## [TASK OBJECTIVE]
When writing out the entries below, keep only the lines from the line with "Assessment PT Astra" to the line with "Vilniuje pagerbiant Sausio", both included, exactly as they are, and leave the pictures aside.
━━ MATERIAL FOR THIS TASK ━━
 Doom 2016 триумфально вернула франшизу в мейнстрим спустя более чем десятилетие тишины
━━━
━━ MATERIAL FOR THIS TASK ━━
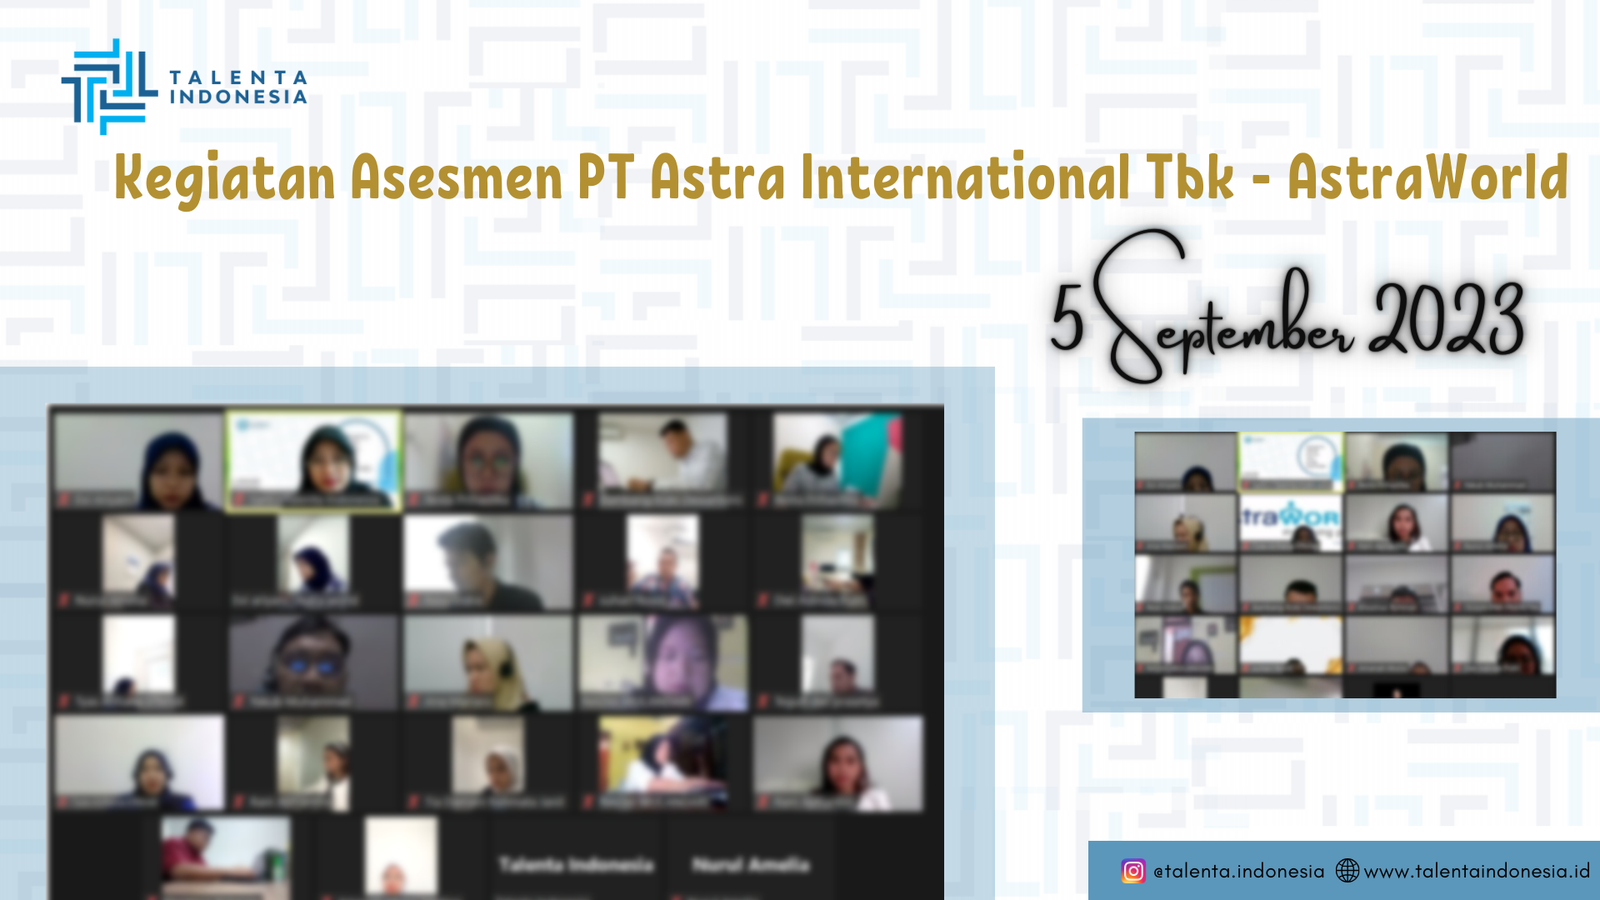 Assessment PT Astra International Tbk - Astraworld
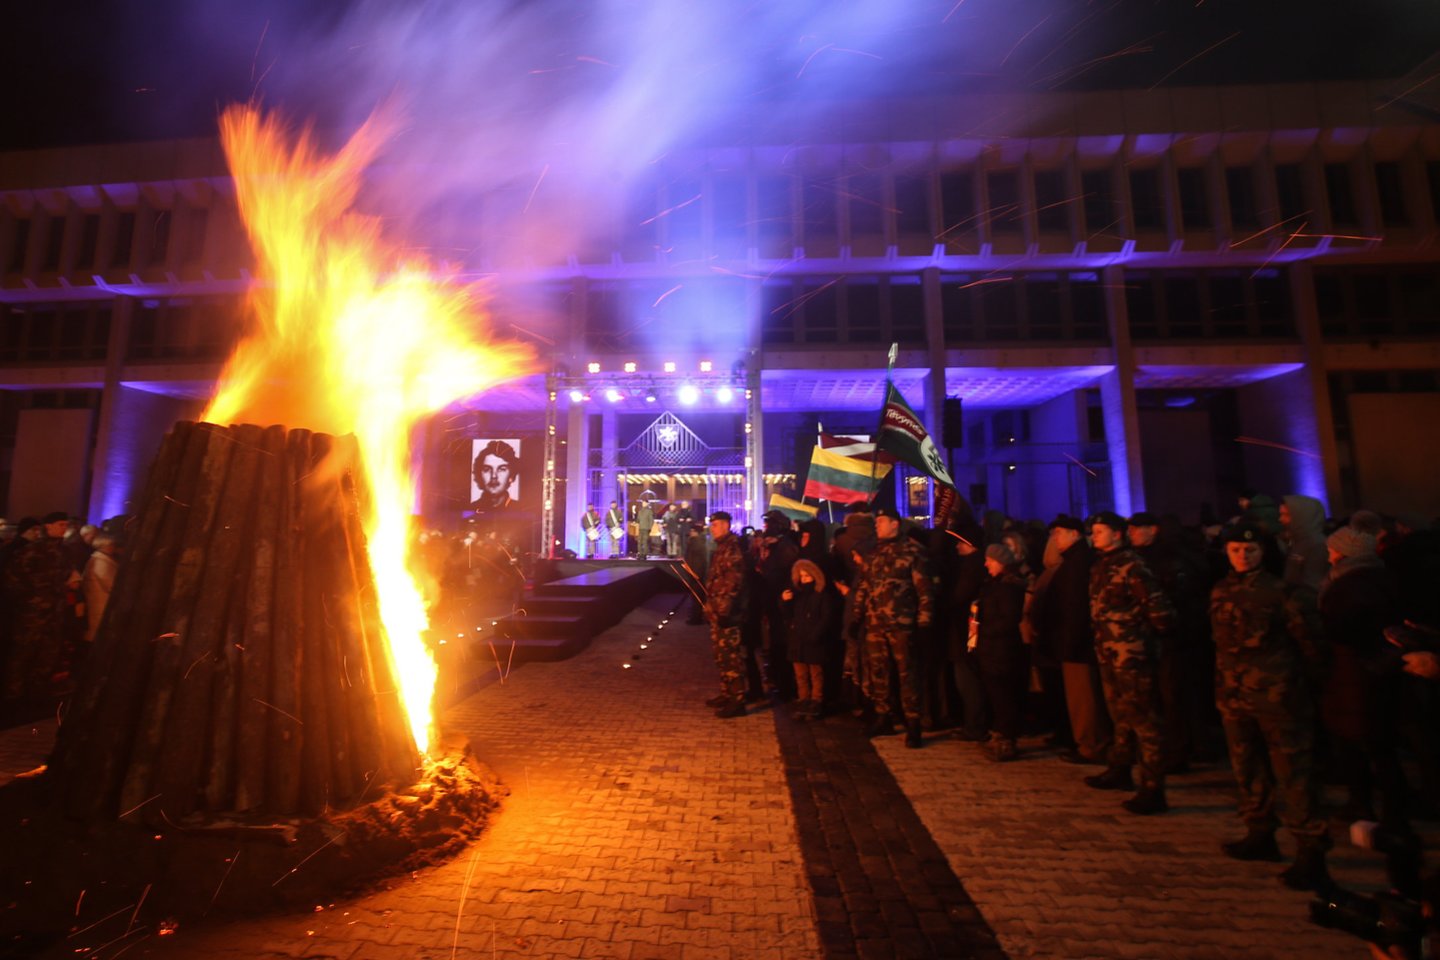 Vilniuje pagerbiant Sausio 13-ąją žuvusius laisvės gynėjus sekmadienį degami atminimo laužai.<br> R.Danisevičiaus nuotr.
━━━
━━ MATERIAL FOR THIS TASK ━━
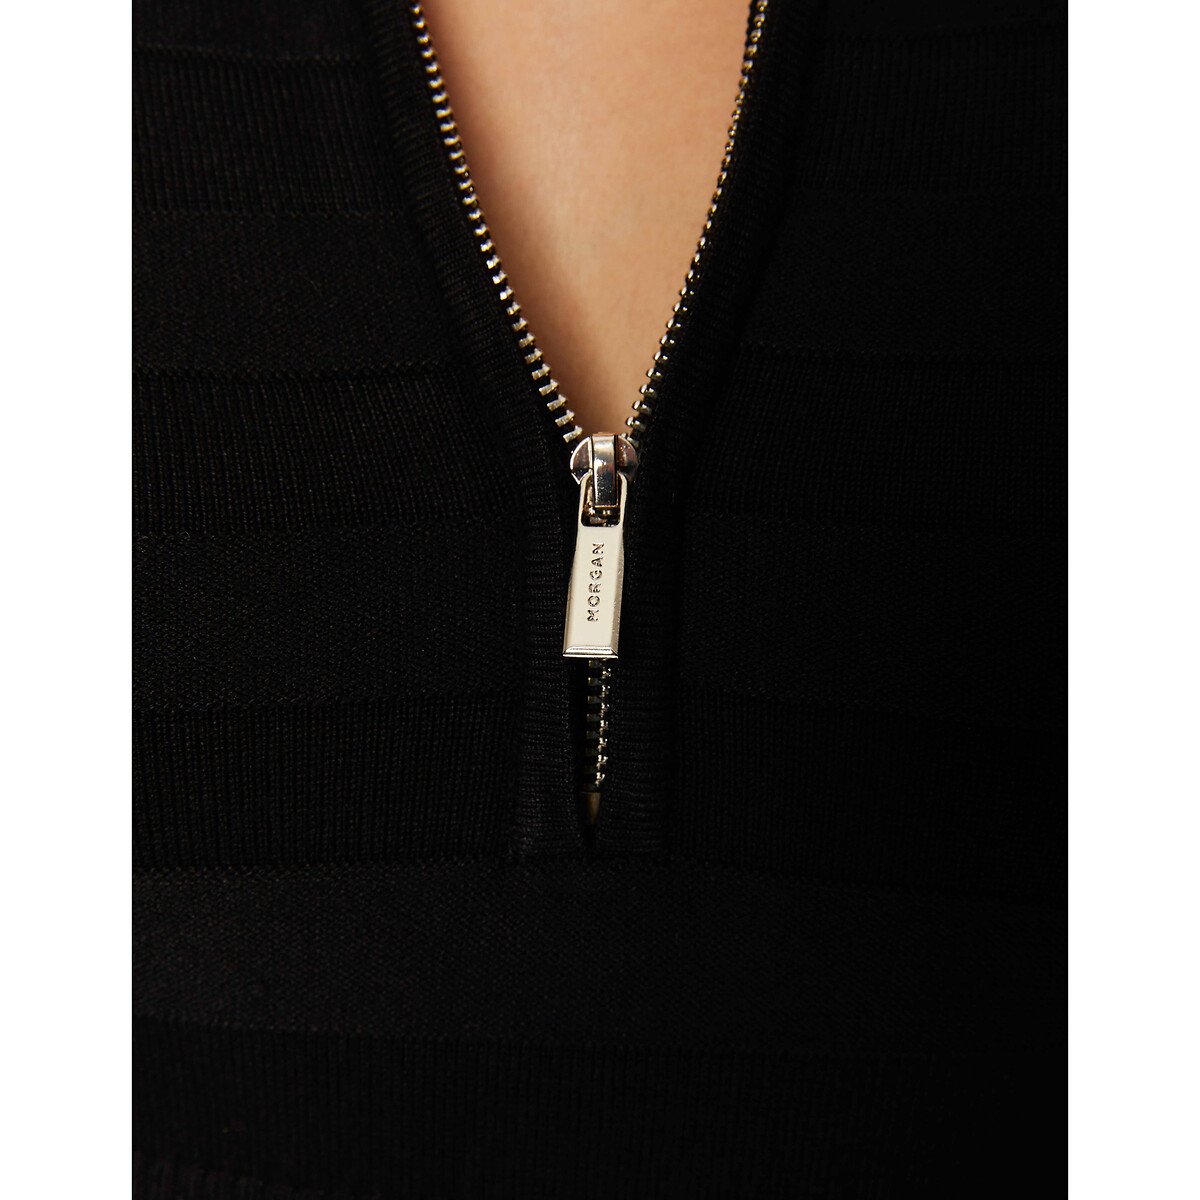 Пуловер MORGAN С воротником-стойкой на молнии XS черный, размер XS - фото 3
━━━
## [ANSWER BOX]
 Assessment PT Astra International Tbk - Astraworld
 Vilniuje pagerbiant Sausio 13-ąją žuvusius laisvės gynėjus sekmadienį degami atminimo laužai.<br> R.Danisevičiaus nuotr.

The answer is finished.